Applying the relevant “expectation of privacy” factors listed above to the instant case, the court found the plaintiff had both a subjectively and objectively reasonable expectation of privacy in the emails sent to her attorney. The plaintiff’s use of a personal, password-protected email account instead of her company account, and decision not to save her personal account’s password on her work computer, both indicated her subjective expectation that the communications remain private. As evidence that her expectations were objectively reasonable, the court pointed to the ambiguous language of the policy and the attorney-client nature of the emails.  

Id. at 663.  

Drafting Electronic Communications Policies After Stengart

While the Stengart decision is only binding in New Jersey, it provides guidance on crafting effective, enforceable electronic communications policies to employers in jurisdictions where this novel issue of law has yet to be decided. By pointing out the deficiencies in the employer’s written policy, the court in Stengart emphasized the importance of clarity above all in crafting effective policies. Employers should draft policies that:  

  • Unambiguously and expressly enumerate all prohibited conduct;  
  • Provide clear definitions of all potentially ambiguous terms; and  
  • Describe any employer monitoring or surveillance in a way that communicates to employees without technical training all the ways in which their use of work computers is not private (for example, providing an explanation of how employee web activity can be captured in temporary internet files and may be later reviewed by the employer).  

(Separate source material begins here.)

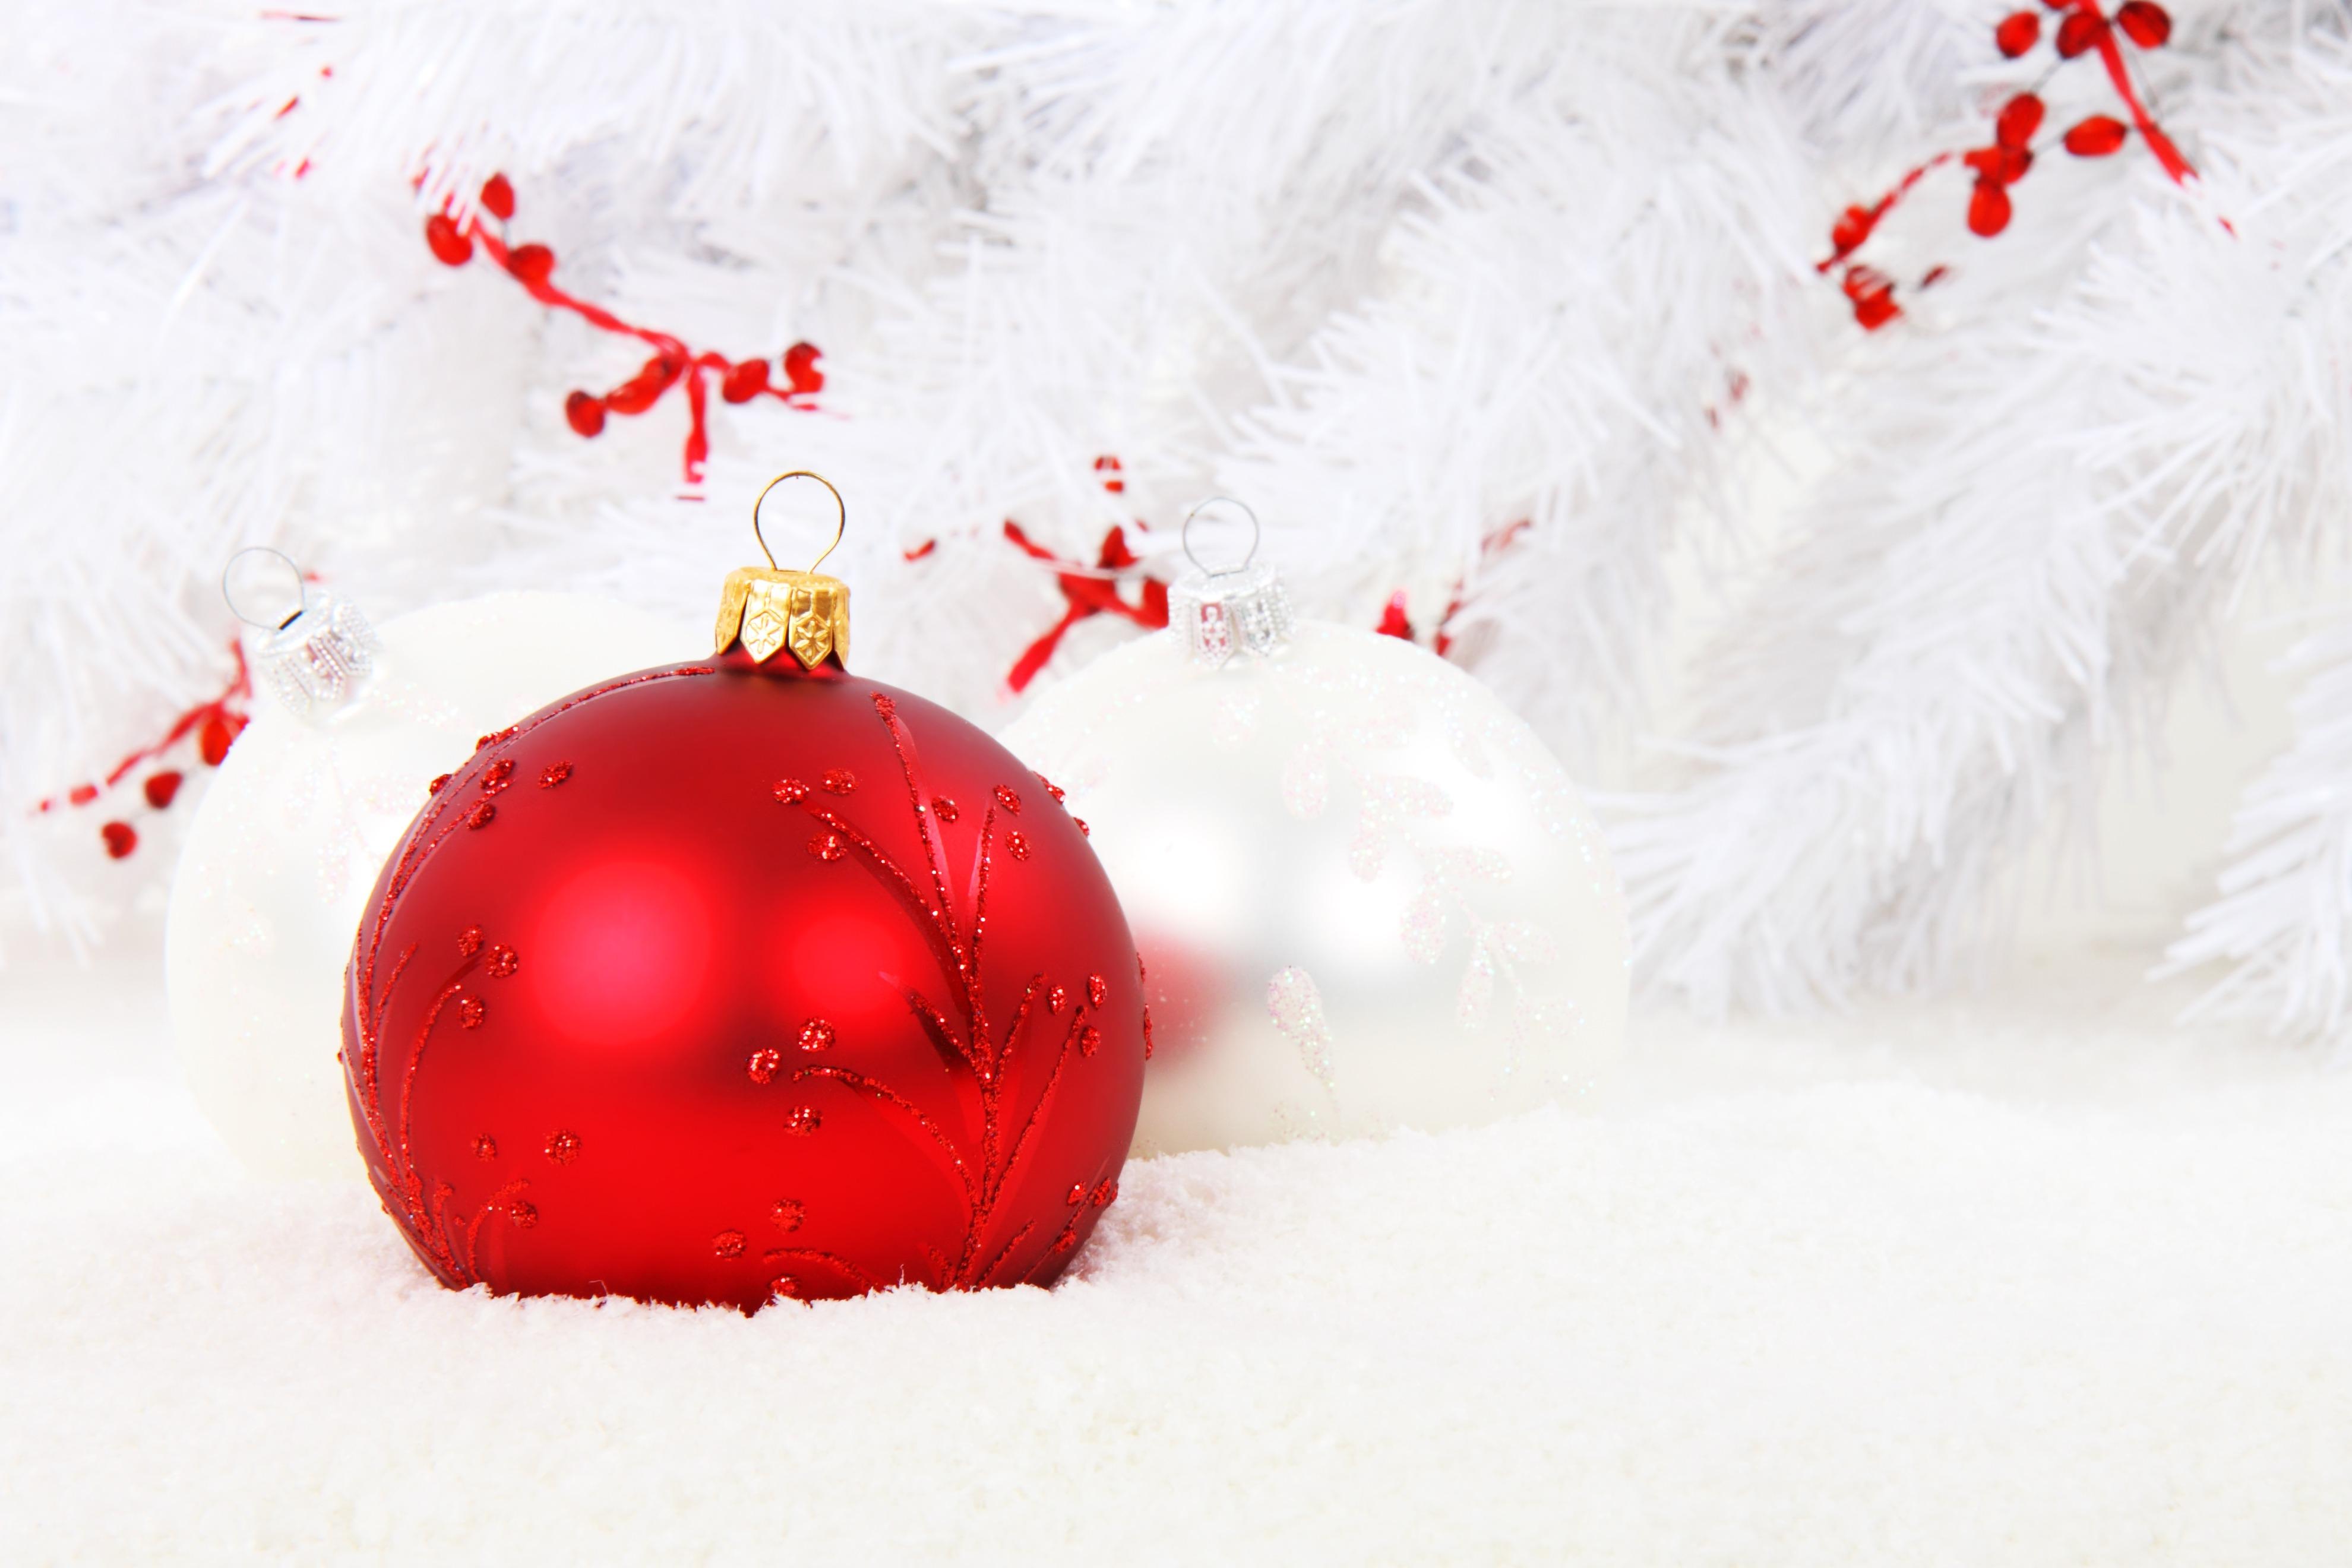 Alles Gute Zum Weihnachten.Frohe Weihnachten Und Alles Gute Fur Das Jahr 2019 Tsg

However, it is important to note that under Stengart even a crystal clear electronic communications policy may not trump the protection of the attorney-client privilege and permit an employer to retrieve and read personal emails sent by an employee to an attorney from a work computer. “Because of the important public policy concerns underlying the attorney-client privilege, even a more clearly written company manual . . . that banned all personal computer use and provided unambiguous notice that an employer could retrieve and read an employee’s attorneyclient communications . . . would not be enforceable.” Id. at 665.

According to the court in Stengart, employers wishing to limit or prohibit such communications may certainly draft policies to that effect; the proper remedy for violations of corporate policy, however, is the exercise of appropriate discipline or termination, not access to the contents of offending communications that would otherwise enjoy the protection of the attorney-client privilege. Id. at 665.  

For employees seeking to avoid disclosure of email communications with their attorneys, of course, the simplest solution remains waiting until they are at their own personal computers before clicking send.